### GIVEN INFORMATION:
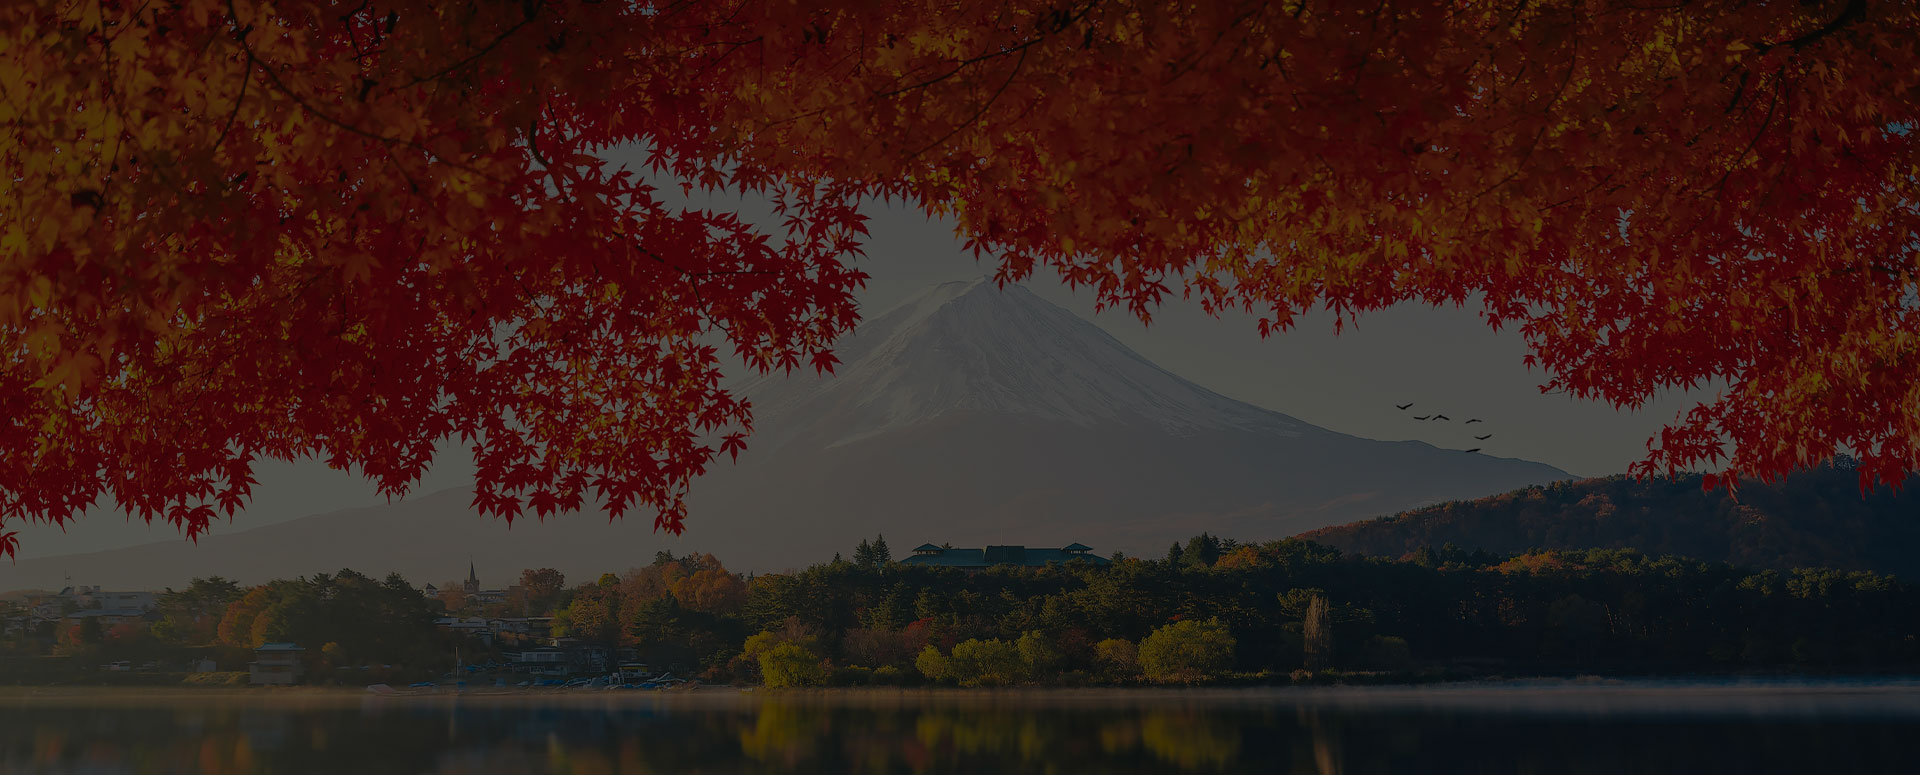 Mount Fuji, Japan in Fall
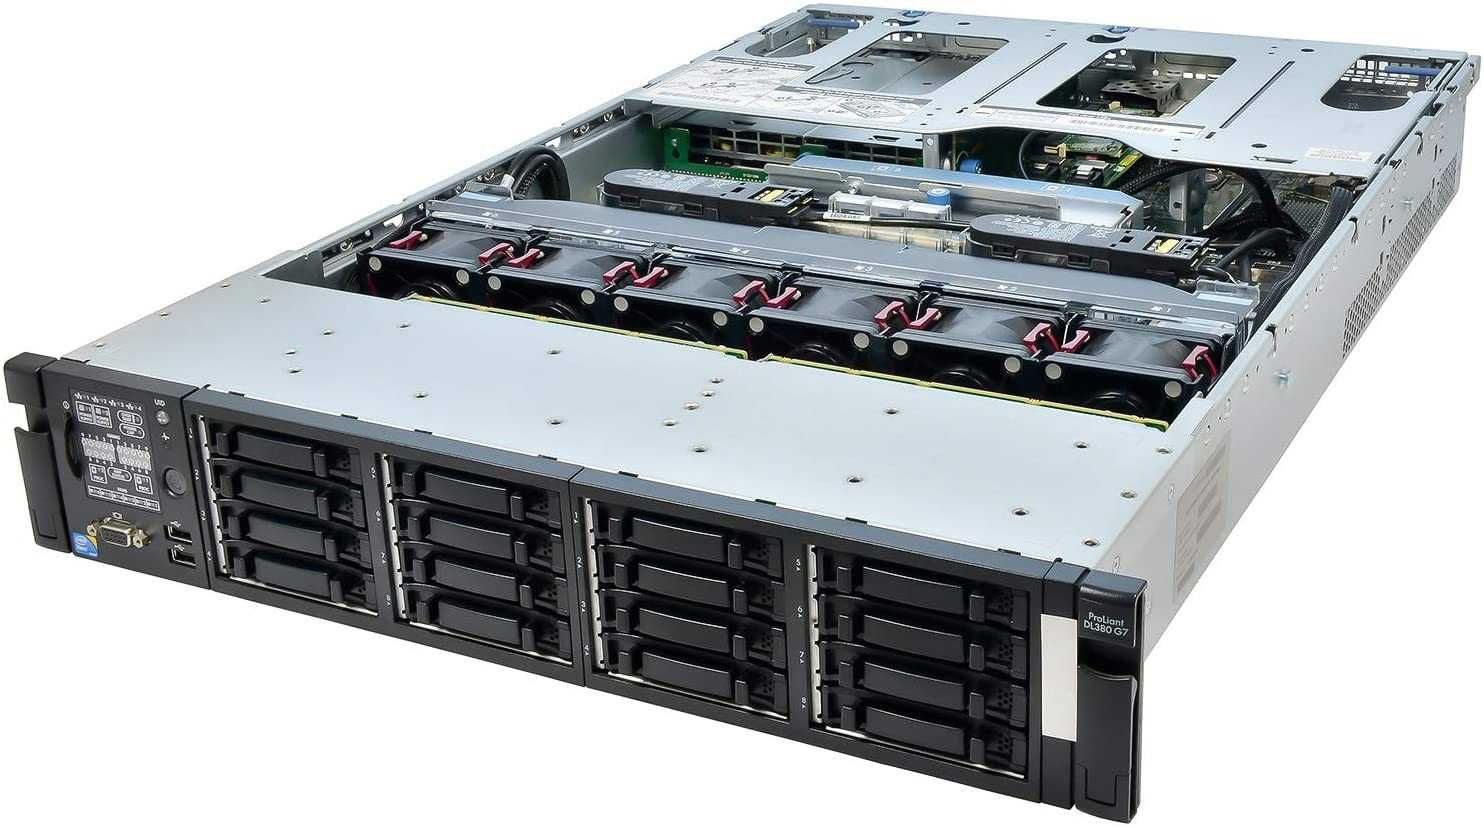 Server HP proliant dl380 g7 130 gb Ram 8HDD sas
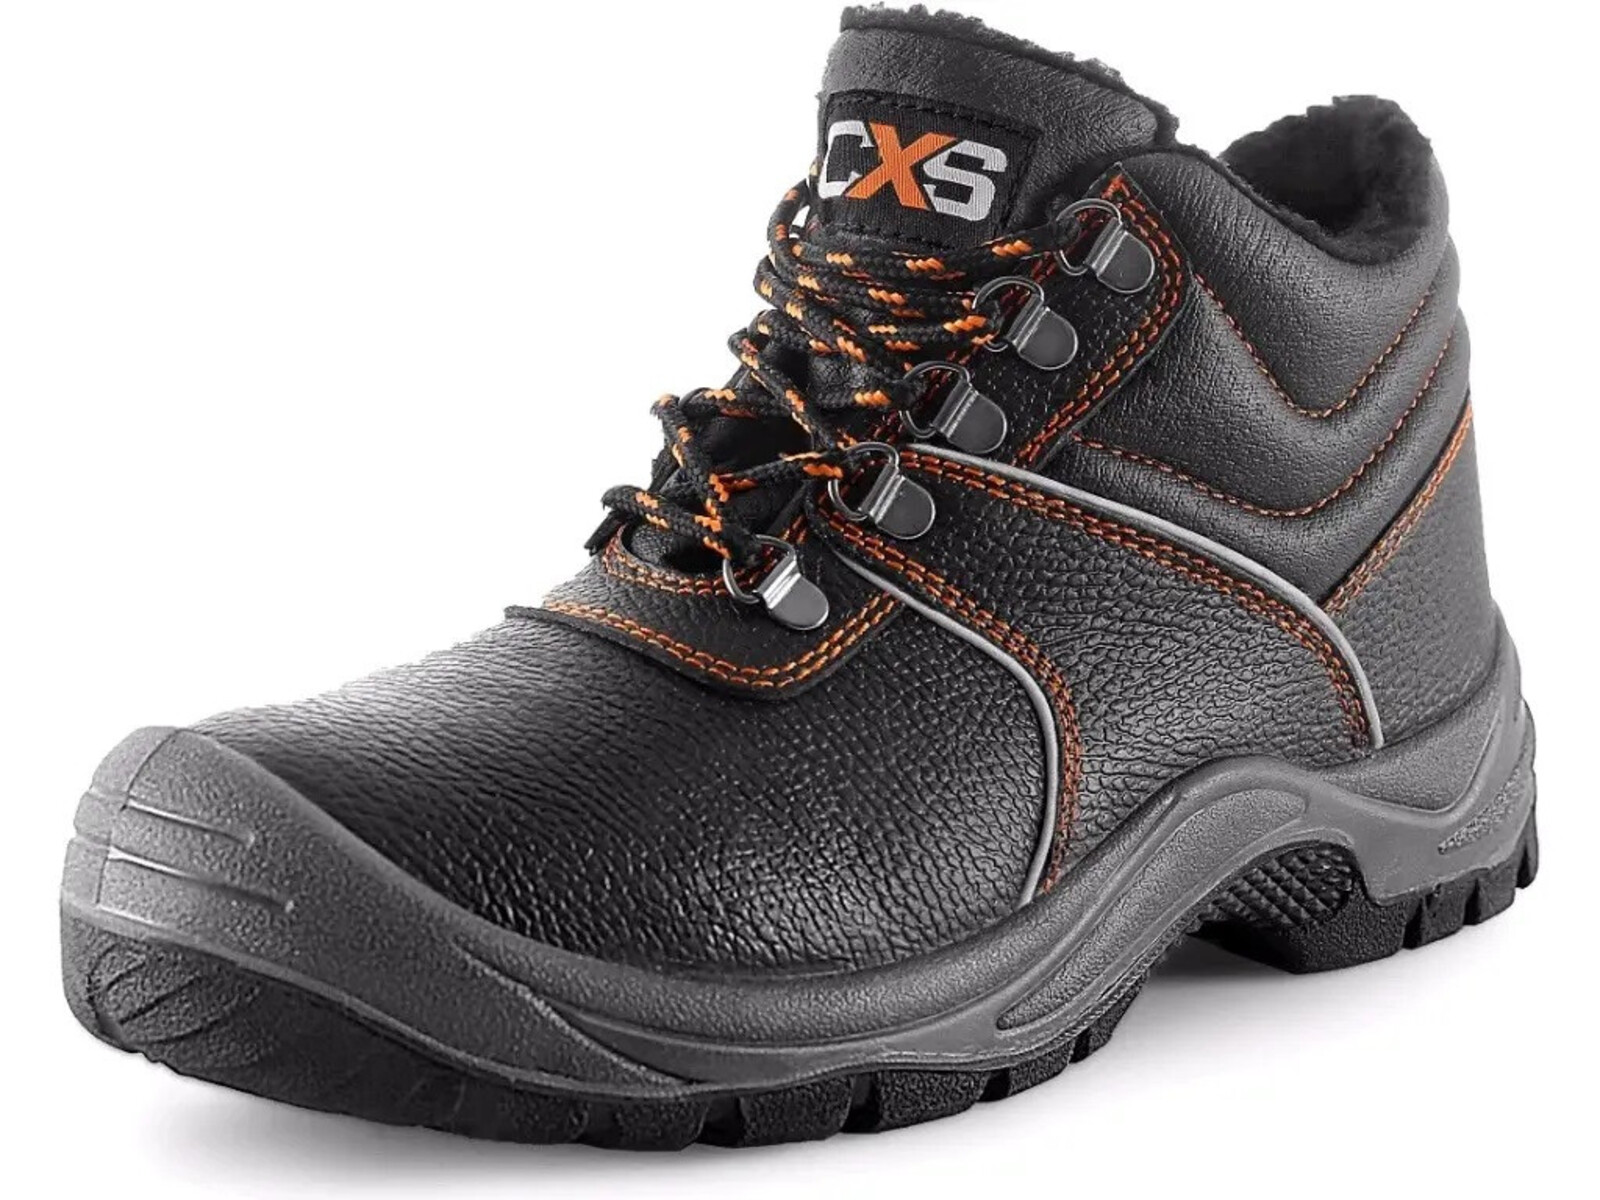 Zimná pracovná členková obuv CXS Stone Apatit Winter O2 FO SRC - veľkosť: 37, farba: čierna/oranžová
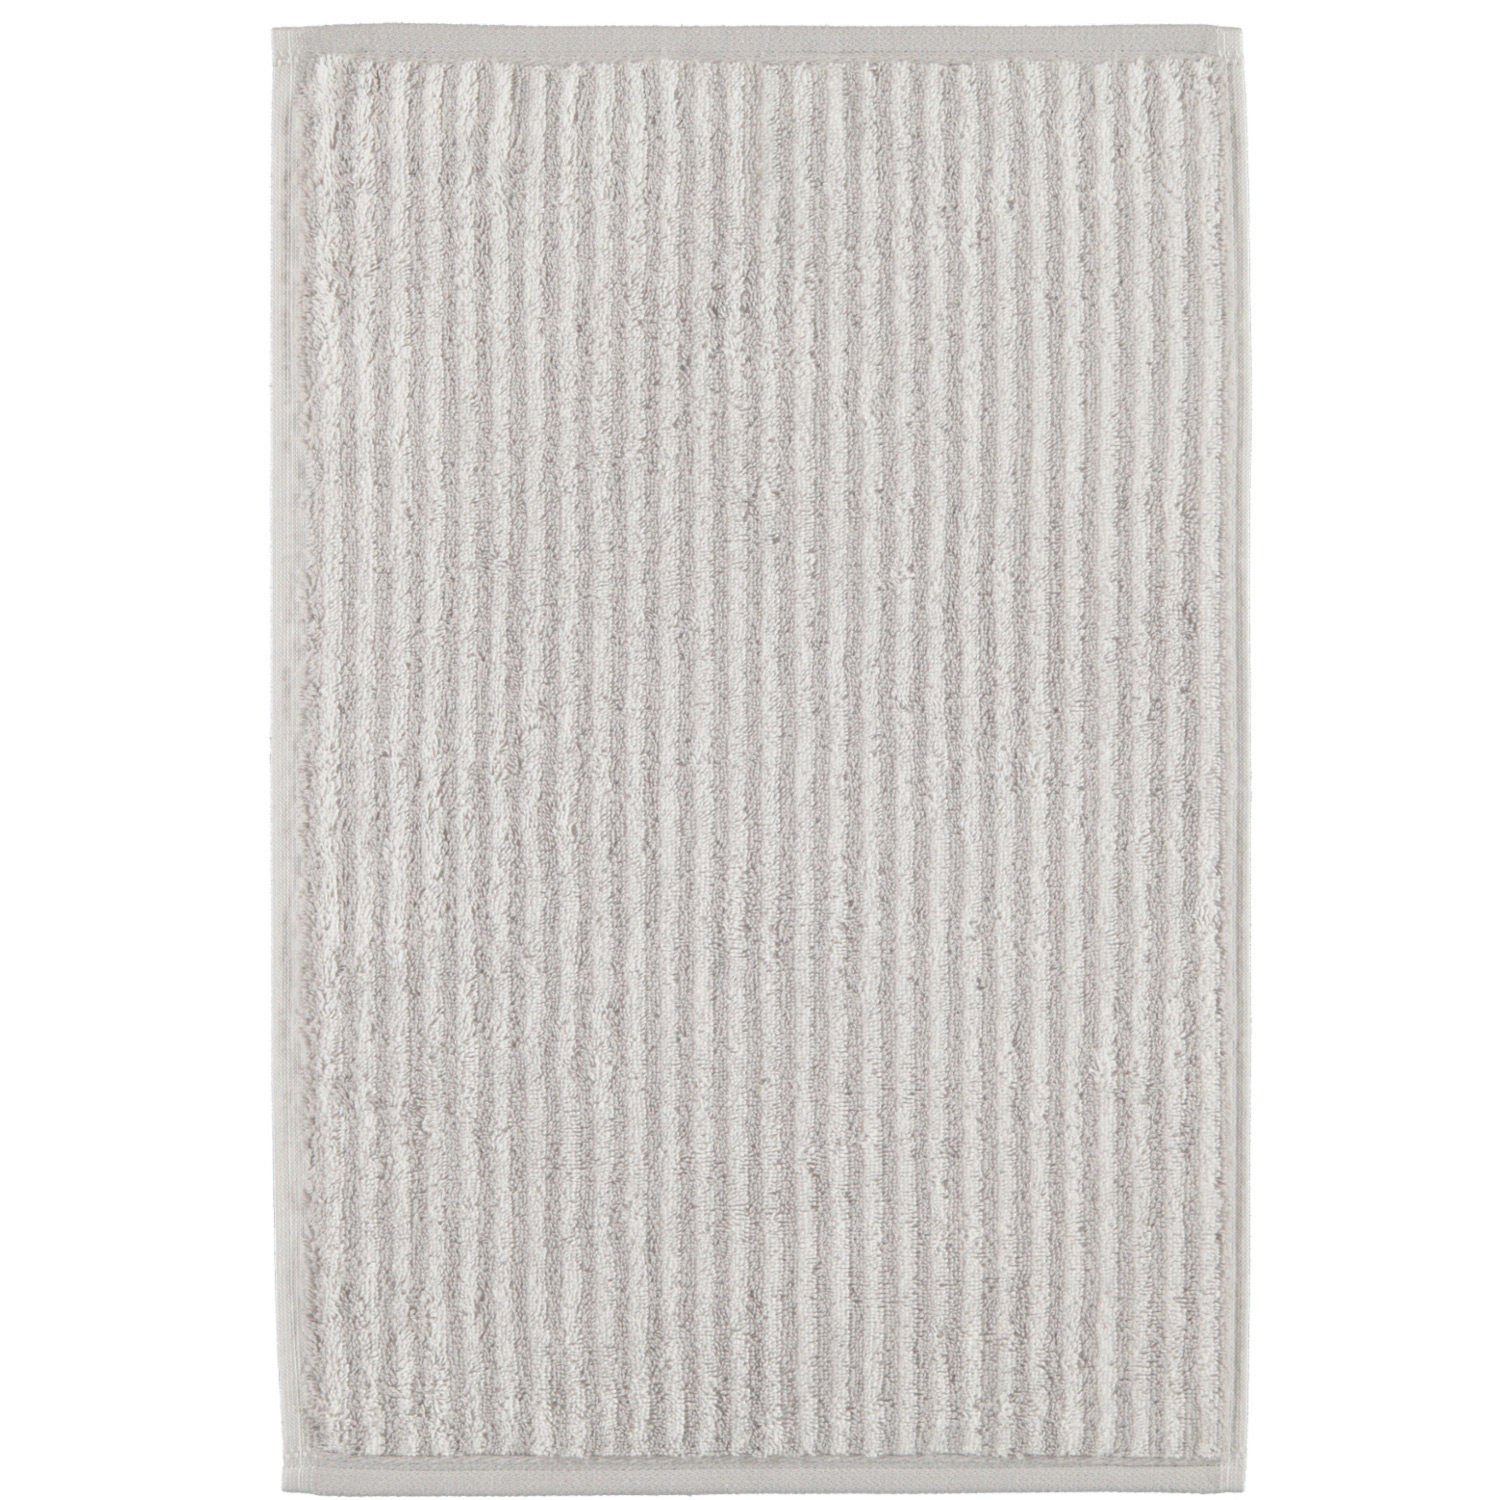 Полотенце CAWO Stripes белое с серым 30х50 см

### WHAT YOU NEED TO DO:
The data above is to be printed exactly, all of it, except for the pictures.

### EXERCISE RESPONSE:
 Mount Fuji, Japan in Fall
 Server HP proliant dl380 g7 130 gb Ram 8HDD sas
 Zimná pracovná členková obuv CXS Stone Apatit Winter O2 FO SRC - veľkosť: 37, farba: čierna/oranžová
 Полотенце CAWO Stripes белое с серым 30х50 см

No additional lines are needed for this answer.